It is of course true that the fiduciary obligations of plan administrators are to serve the interest of participants and beneficiaries and, specifically, to provide them with the benefits authorized by the plan. But the principal statutory duties imposed on the trustees relate to the proper management, administration, and investment of fund assets, the maintenance of proper records, the disclosure of specified information, and the avoidance of conflicts of interest.

Id. at 3091 (footnote omitted). This language observes that the statute focuses not on the direct protection of a beneficiary's interests, but on the protection of the integrity of the plan in which the beneficiary is enrolled. Put another way, ERISA grants no private right of action by a beneficiary qua beneficiary; rather, it accords beneficiaries the right to sue on behalf of the entire plan if a fiduciary breaches the plan's terms. It should be noted that nothing in the above-quoted passage limits the rationale of Russell to Sec. 409.

Russell sheds light on another major reason to disallow recovery of extra-contractual damages under Sec. 502(a)(3)--Congress' glaring omission of any mention of extra-contractual damages in general, or emotional distress damages in particular:

Significantly, the statutory provision explicitly authorizing a beneficiary to bring an action to enforce his rights under the plan--Sec. 502(a)(1)(B) * * *--says nothing about the recovery of extra-contractual damages, or about the possible consequences of delay in the plan administrators' processing of a disputed claim.

Id. at 3091. Again, there is nothing in this excerpt to indicate that the underlying reasoning does not apply to Sec. 502(a). On the contrary, the passage explicitly considers the remedies laid out in Sec. 502(a)(1)(B). Although we presume the district court herein relied on Sec. 502(a)(3), it must be noted that Sec. 502(a)(3) also "says nothing about the recovery of extra-contractual damages," Russell, 105 S.Ct. at 3091, and emphasizes protection of the plan, not the direct protection of beneficiaries. So viewed, the catch-all phrase of "other appropriate equitable relief" in Sec. 502(a)(3) provides no more foundation for an award of emotional distress damages than does the same catchall phrase in Sec. 409(a).

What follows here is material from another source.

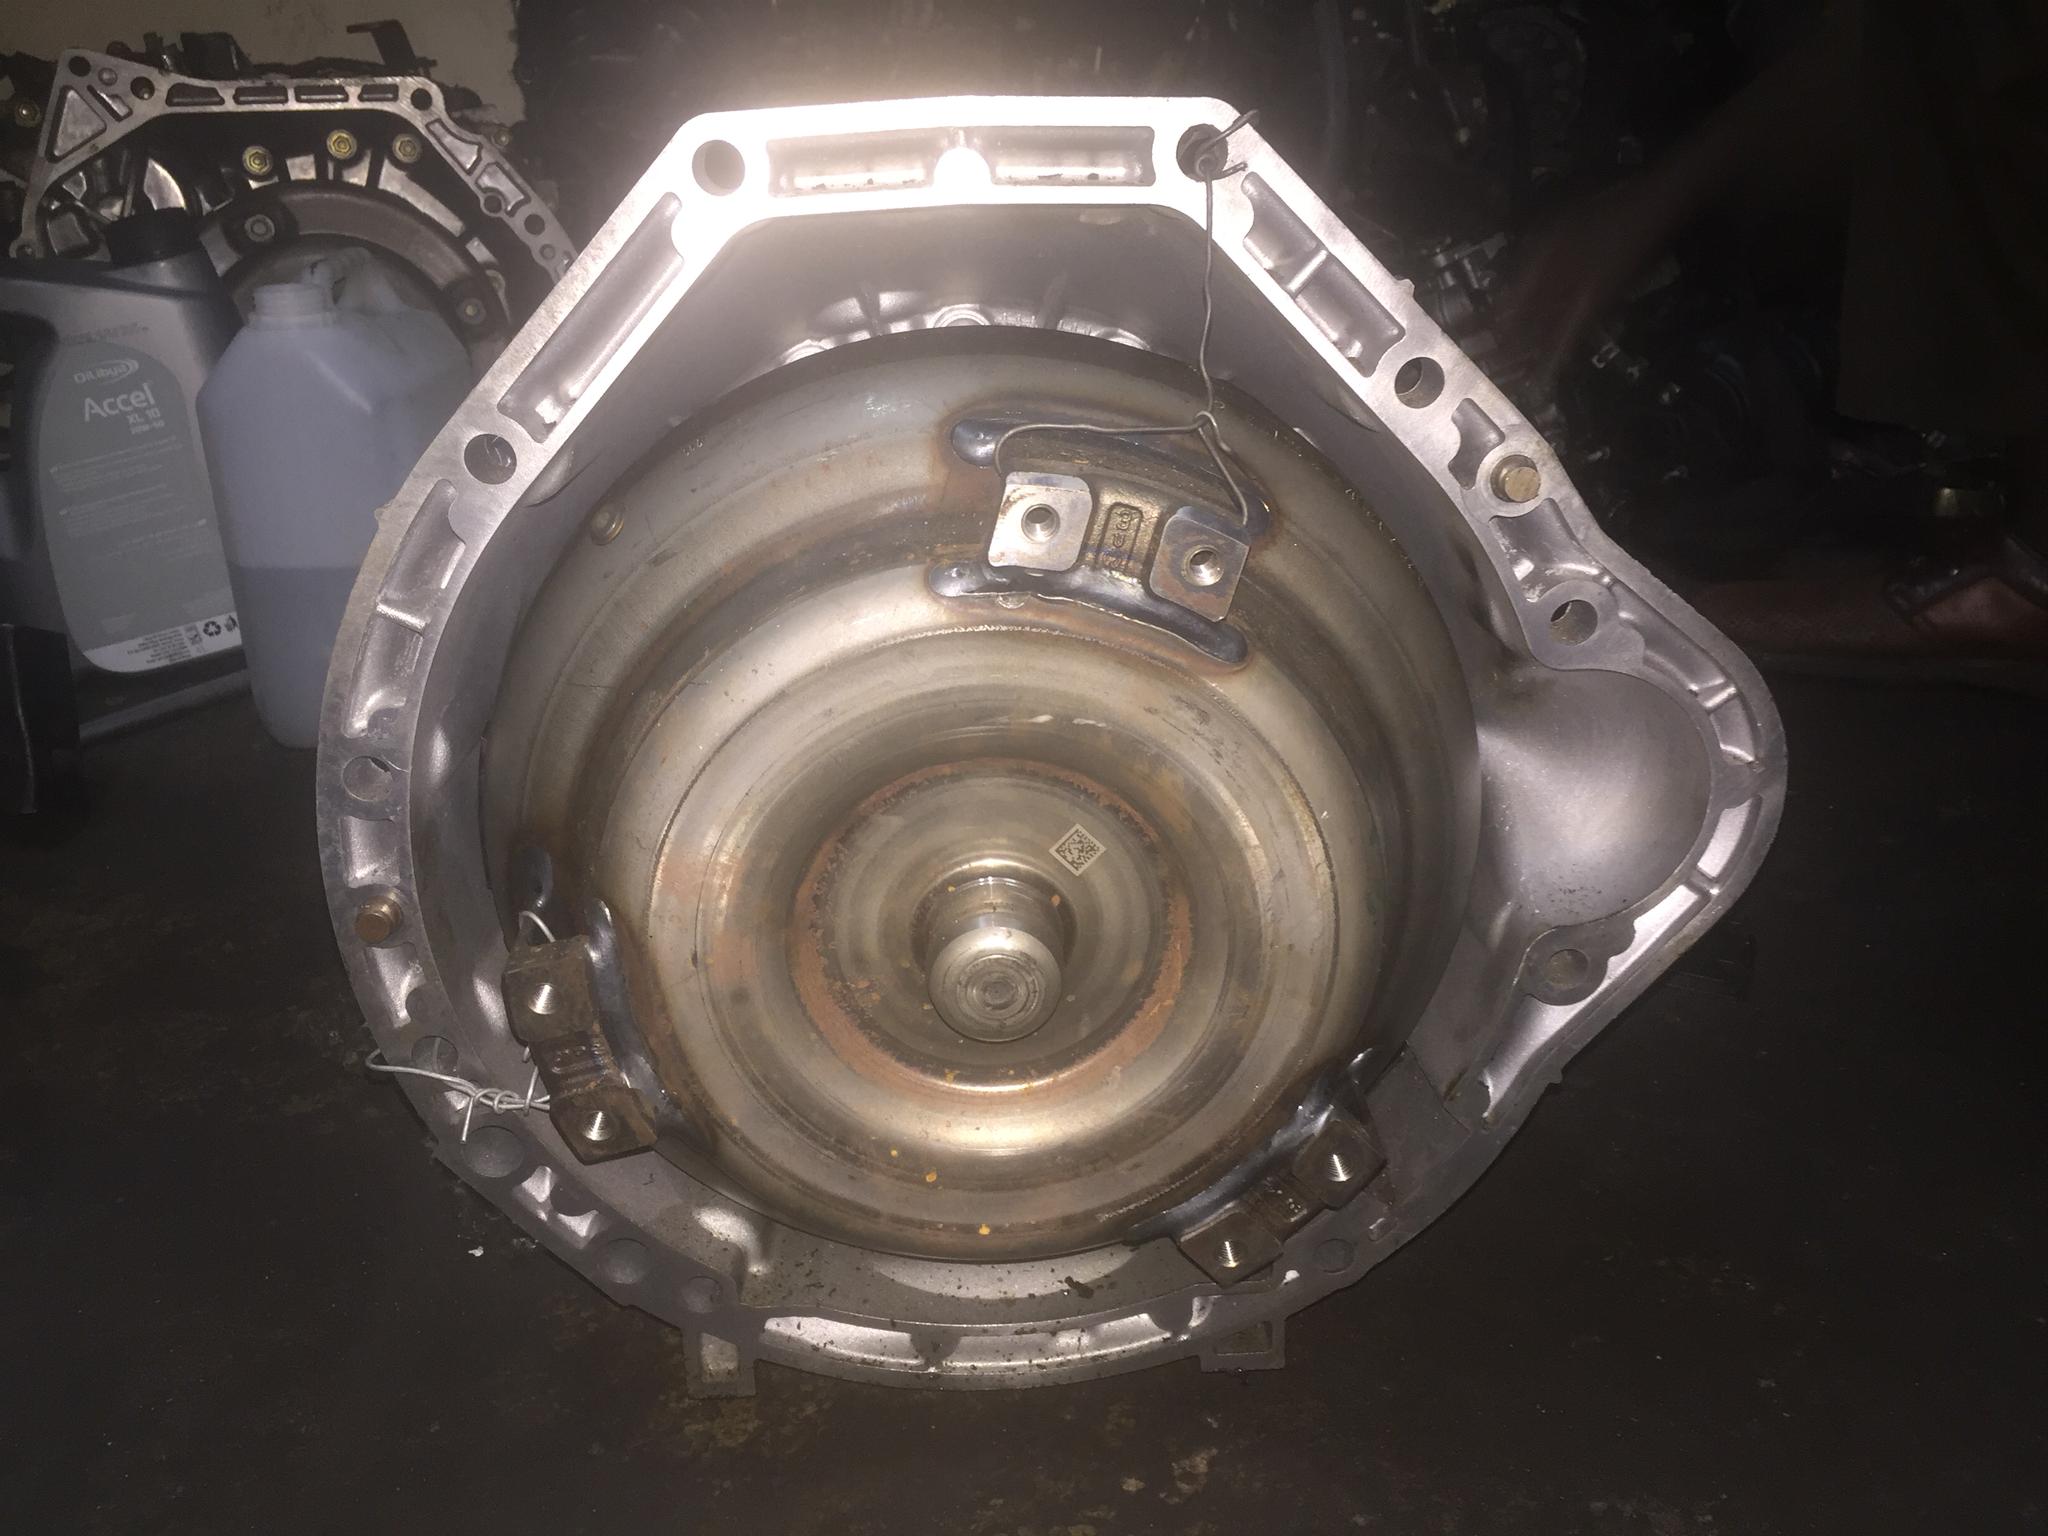 CGI Mercedes Benz gear box

The Russell Court also rejected the argument that Congress meant to authorize damages for emotional distress, but simply forgot to mention them. The Court examined the six "carefully-integrated civil enforcement provisions" of Sec. 502(a) and characterized those provisions as an "interlocking, interrelated, and interdependent remedial scheme, which is in turn part of a 'comprehensive and reticulated statute.' " Russell, ...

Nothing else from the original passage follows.